PROBLEM REQUIREMENTS: Transcribe every line of the material below exactly, leaving out the pictures.

DATA SECTION:
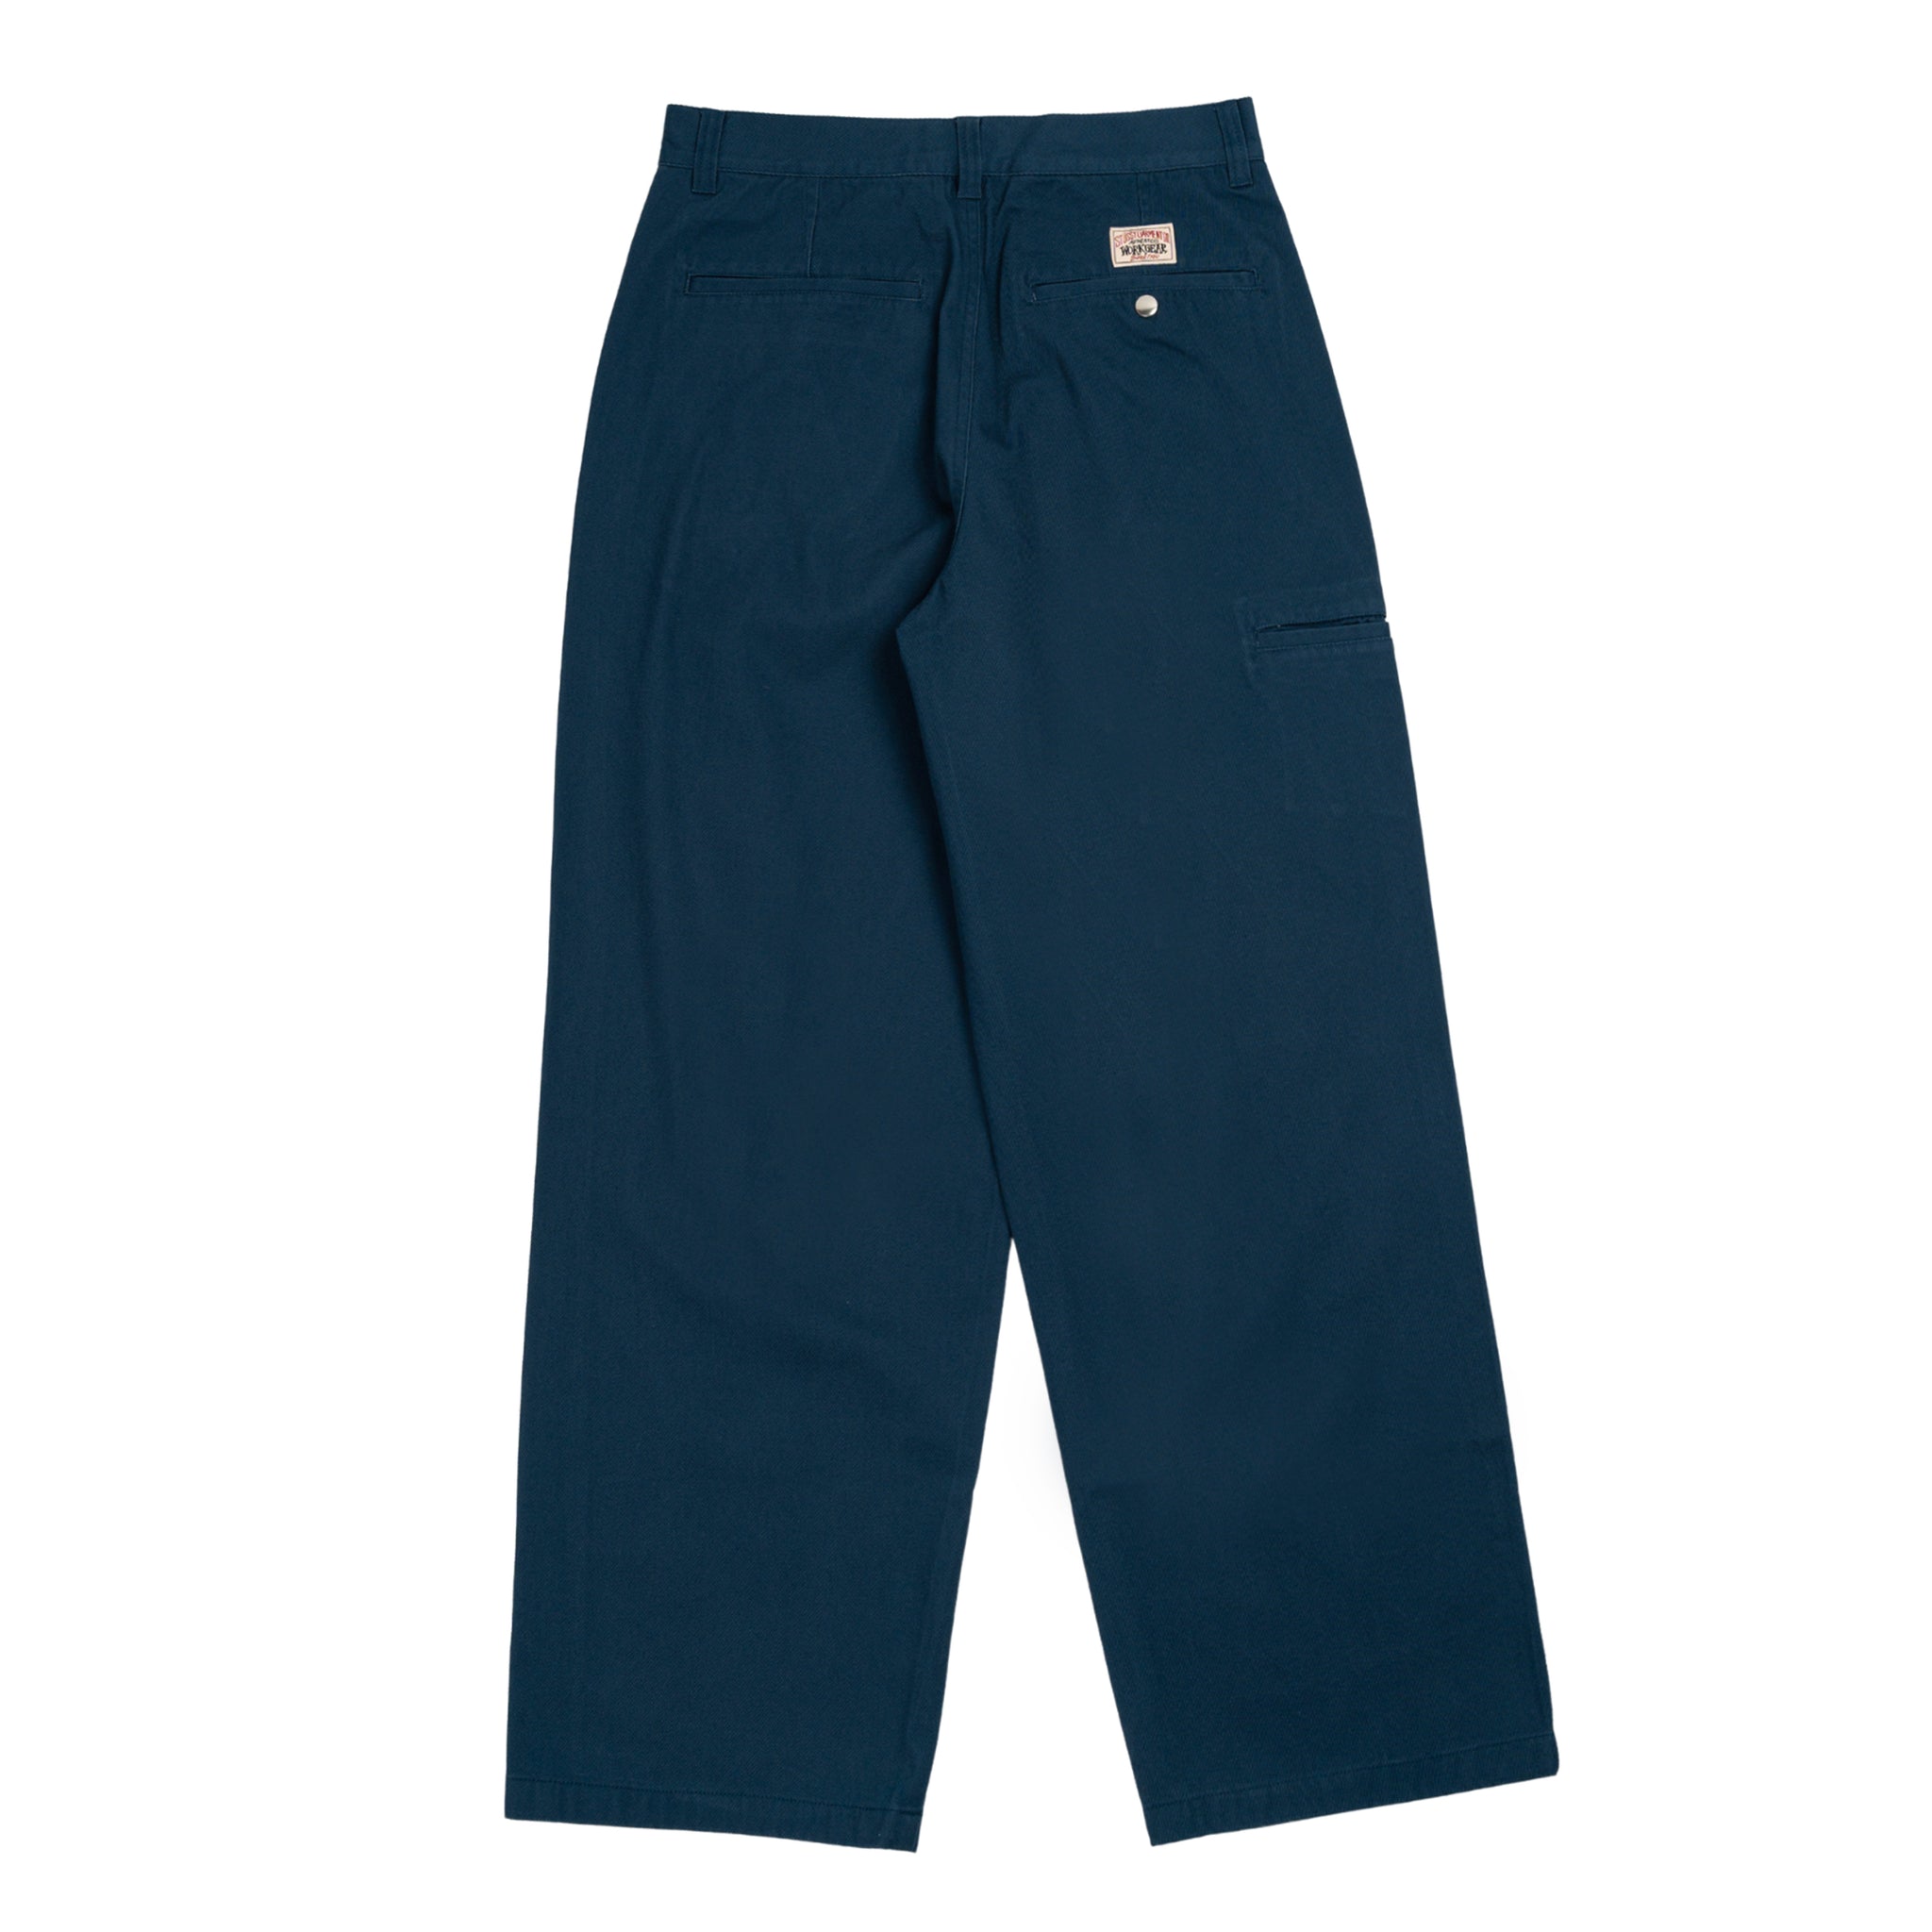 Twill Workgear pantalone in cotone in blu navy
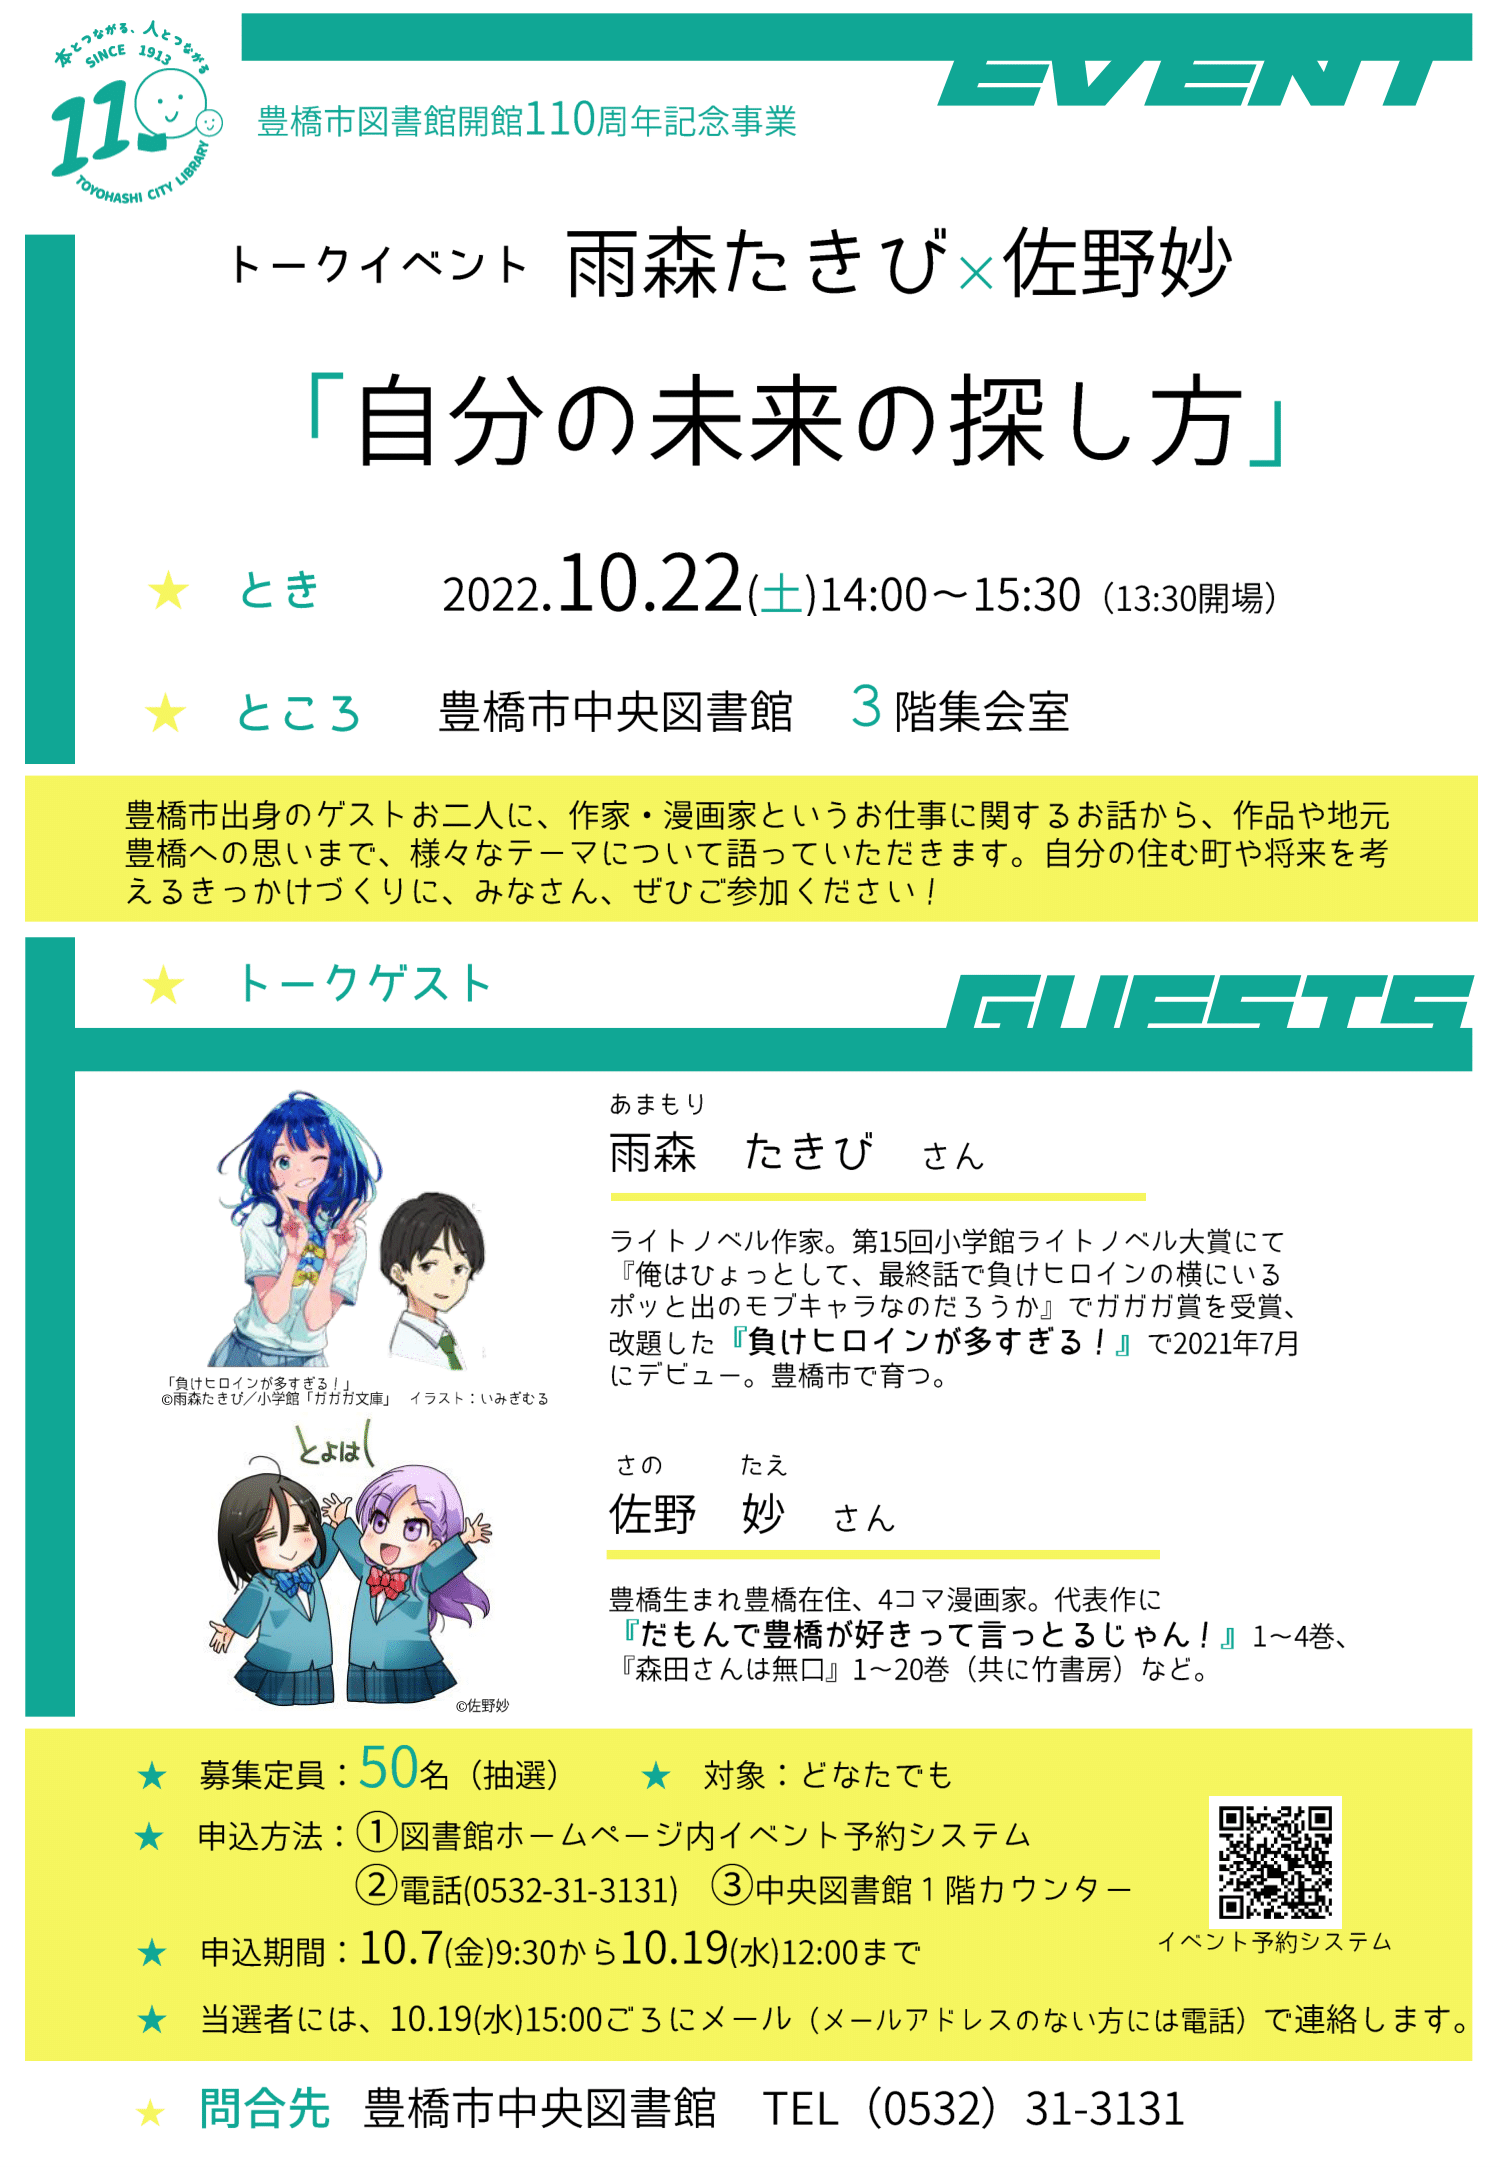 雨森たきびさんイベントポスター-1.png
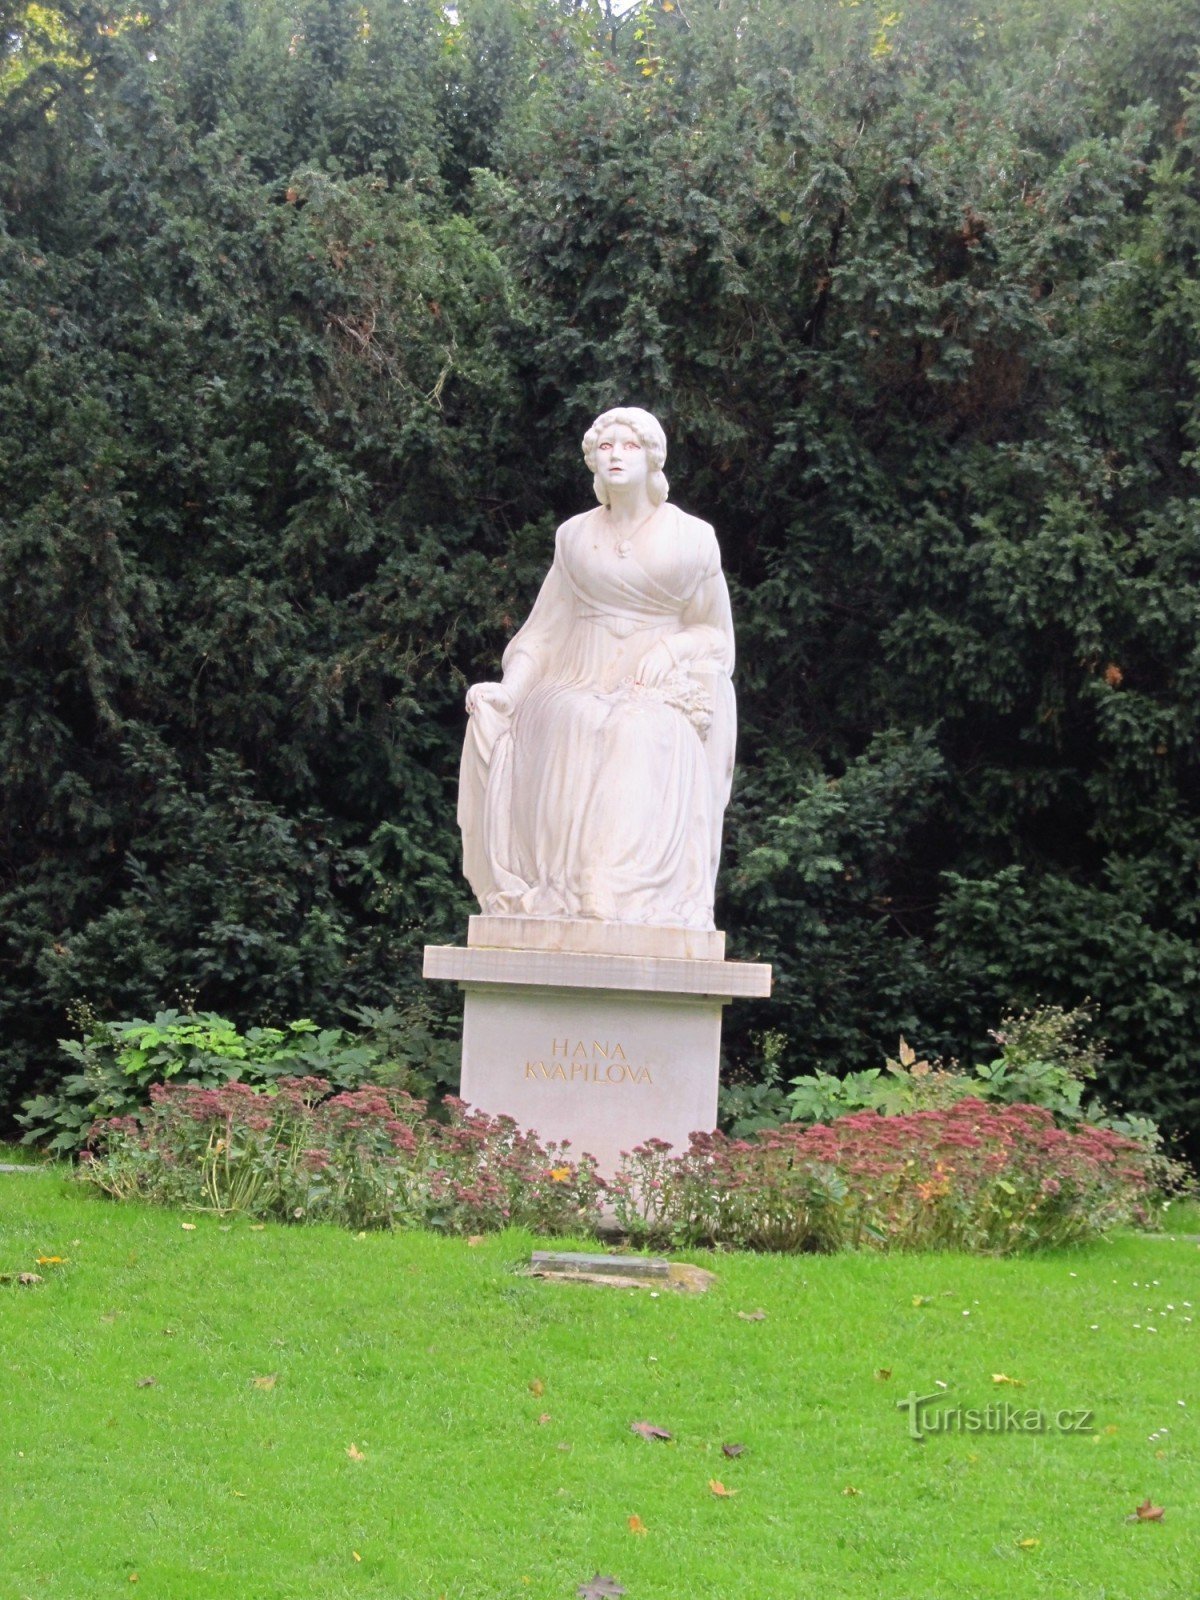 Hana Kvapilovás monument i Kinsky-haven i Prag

ANSWER BOX:
 Twill Workgear pantalone in cotone in blu navy
 雨森たきびさんイベントポスター-1.png
 Hana Kvapilovás monument i Kinsky-haven i Prag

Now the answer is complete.